Steve Speirs (born Steven Roberts, 22 February 1965) is a Welsh actor and writer who has appeared in films such as Star Wars: Episode I – The Phantom Menace and Pirates of the Caribbean: Dead Man's Chest.

Early life
He was born as Steven Roberts in Troed-y-rhiw, a village now in the borough of Merthyr Tydfil, Wales and went to school at Afon Taf High School where he found a taste for drama. He joined the National Youth Theatre of Wales and studied drama at Loughborough University. He says he took his stage name, Speirs, from the surname of a lecturer at college.

Career
Since graduating from university, Speirs has played Sloan in Eragon, Andy Fellows in Making Waves and with  Ricky Gervais in Extras, as well as playing Captain Tarpals in Star Wars: Episode I – The Phantom Menace  and having a small role in Pirates of the Caribbean: Dead Man's Chest.

He appears in Kröd Mändoon and the Flaming Sword of Fire, a comedy fantasy series in which he plays Loquasto, an oafish servant, "who belongs to a race of pig-like creatures known as Grobble".

He wrote his first film, Caught in the Act, in 2008 and starred in it as the lead character. Based on his memories of growing up in south Wales, it was filmed in the Merthyr Tydfil area.

Speirs often goes by the name of "Dullard" in honour of his role in Extras, as he considers the character a mirror of himself. Speirs also appeared in the Gervais and Stephen Merchant film Cemetery Junction released in 2010, a part which was written particularly for him. Speirs also starred as the bouncer at Mother McOakley's Tavern in Burke and Hare, a British black comedy directed by John Landis and released (in the United Kingdom) in October 2010.
He also starred in a CBBC show called Sadie J where he portrayed Sadie's dad, a mechanic. 
Other roles which Speirs is known for include his portrayal of Bernard Bresslaw in Cor, Blimey!, Big Alan Williams in Stella and Colour Sergeant Wormwood in Sharpe's Peril.
He also appears as a postman on the last episode of Miranda season 3.
Speirs played depressed geography teacher and caretaker Mr Gareth Barber in the BBC One sitcom Big School for two series in 2013 and 2014.

In 2013, Spiers played PC McClintock in the Christmas TV film Gangsta Granny, an adaptation of the book written by David Walliams. He played the role of Dad in the 2014 TV film The Boy in the Dress, also written by Walliams.

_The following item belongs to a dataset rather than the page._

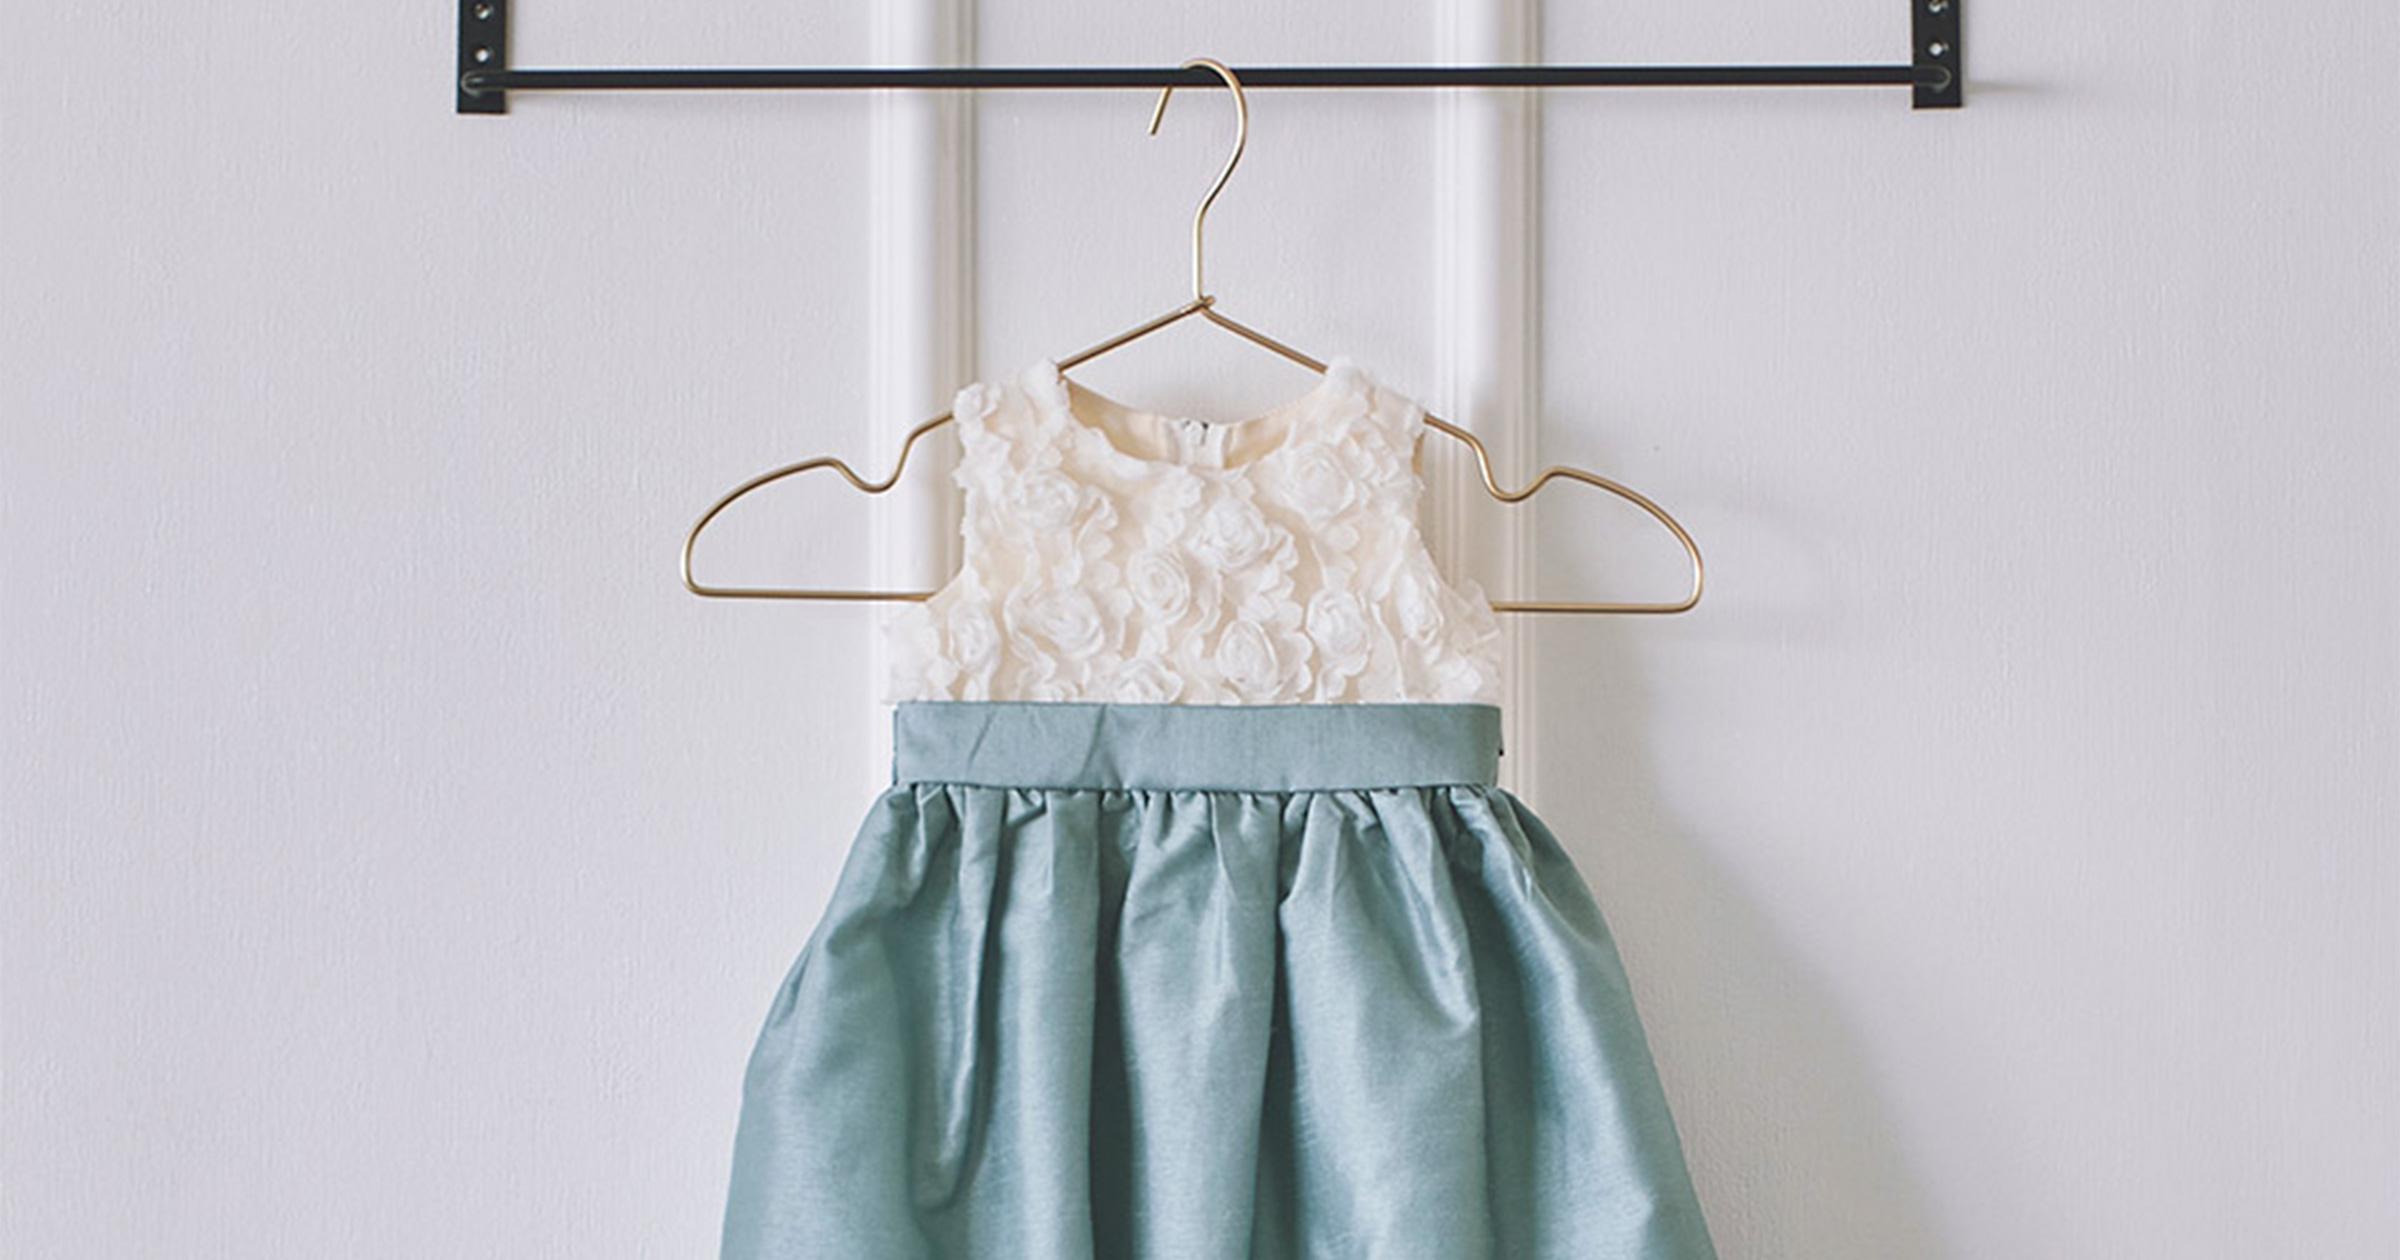 お子さま用の洋装衣装レンタルをはじめました

In 2015 he appeared in the TV spin off The Bad Education Movie playing Don alongside the main cast of Bad Education as well as many other guests in the movie. The same year, he also appeared in the pilot of the radio sitcom Ankle Tag, which went on to air three series in 2017, 2018 and 2020.

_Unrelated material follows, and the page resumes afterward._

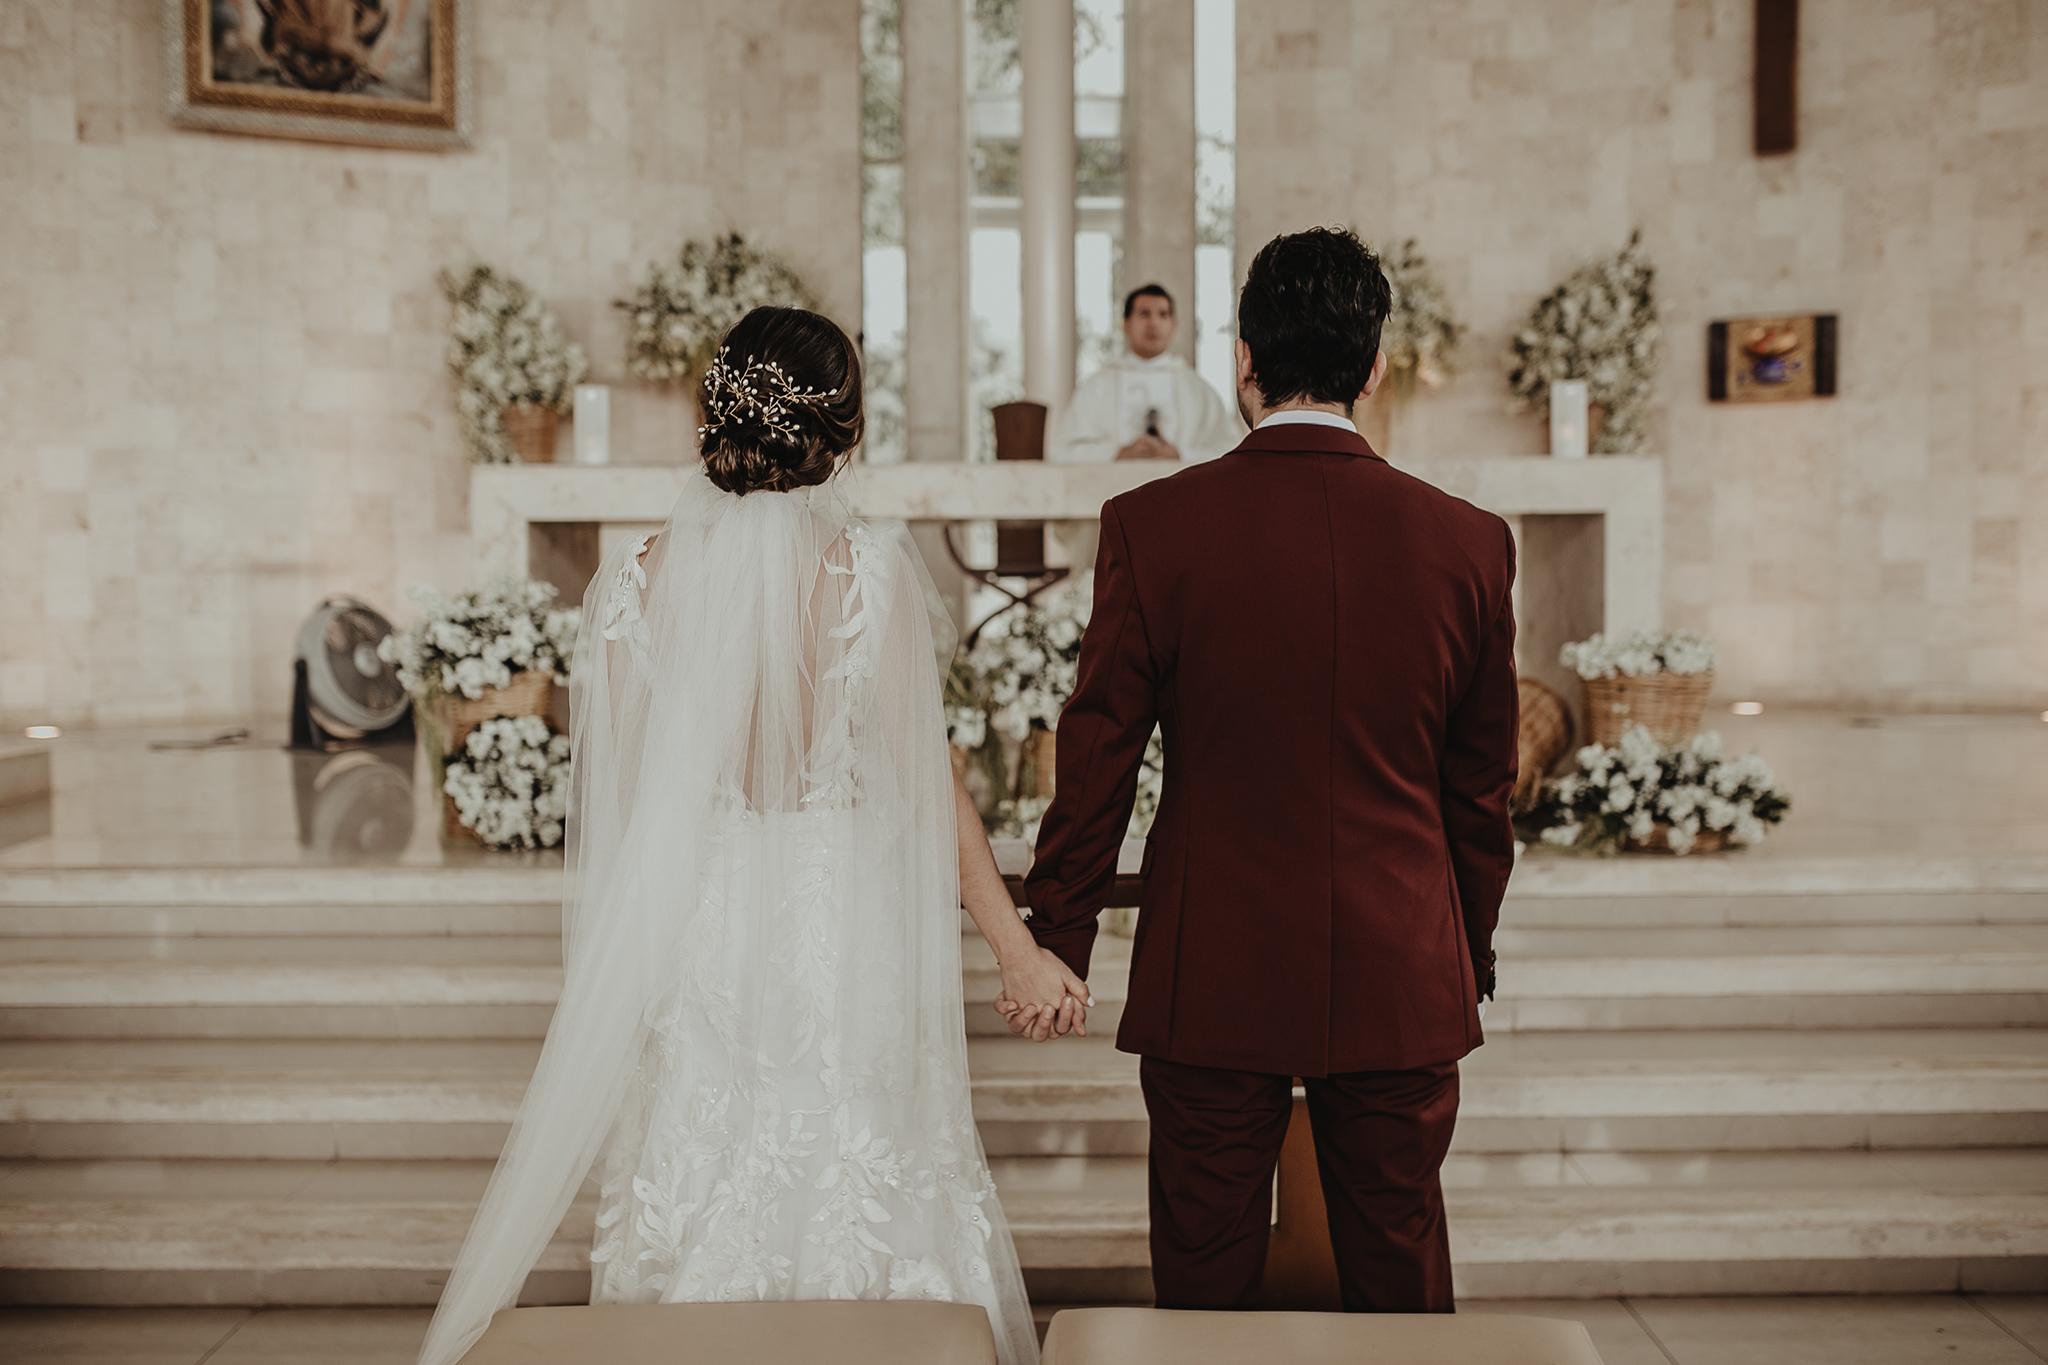 0124p&a_Hacienda__WeddingDestination_Weddingmerida_BodaMexico_FotografoDeBodas_WeddingGay.jpg

In 2016 he appeared in Ben Elton's BBC One comedy series Upstart Crow playing Richard Burbage , the actor and leader of Will's acting company. He has continued in this role for three series ( 2016, 2017 & 2018) with two Christmas spin-offs in 2017 & 2018 and in the London West End in Elton's stage version of the show titled The Upstart Crow.

He has created, written and starred in The Tuckers for BBC Wales and BBC iPlayer.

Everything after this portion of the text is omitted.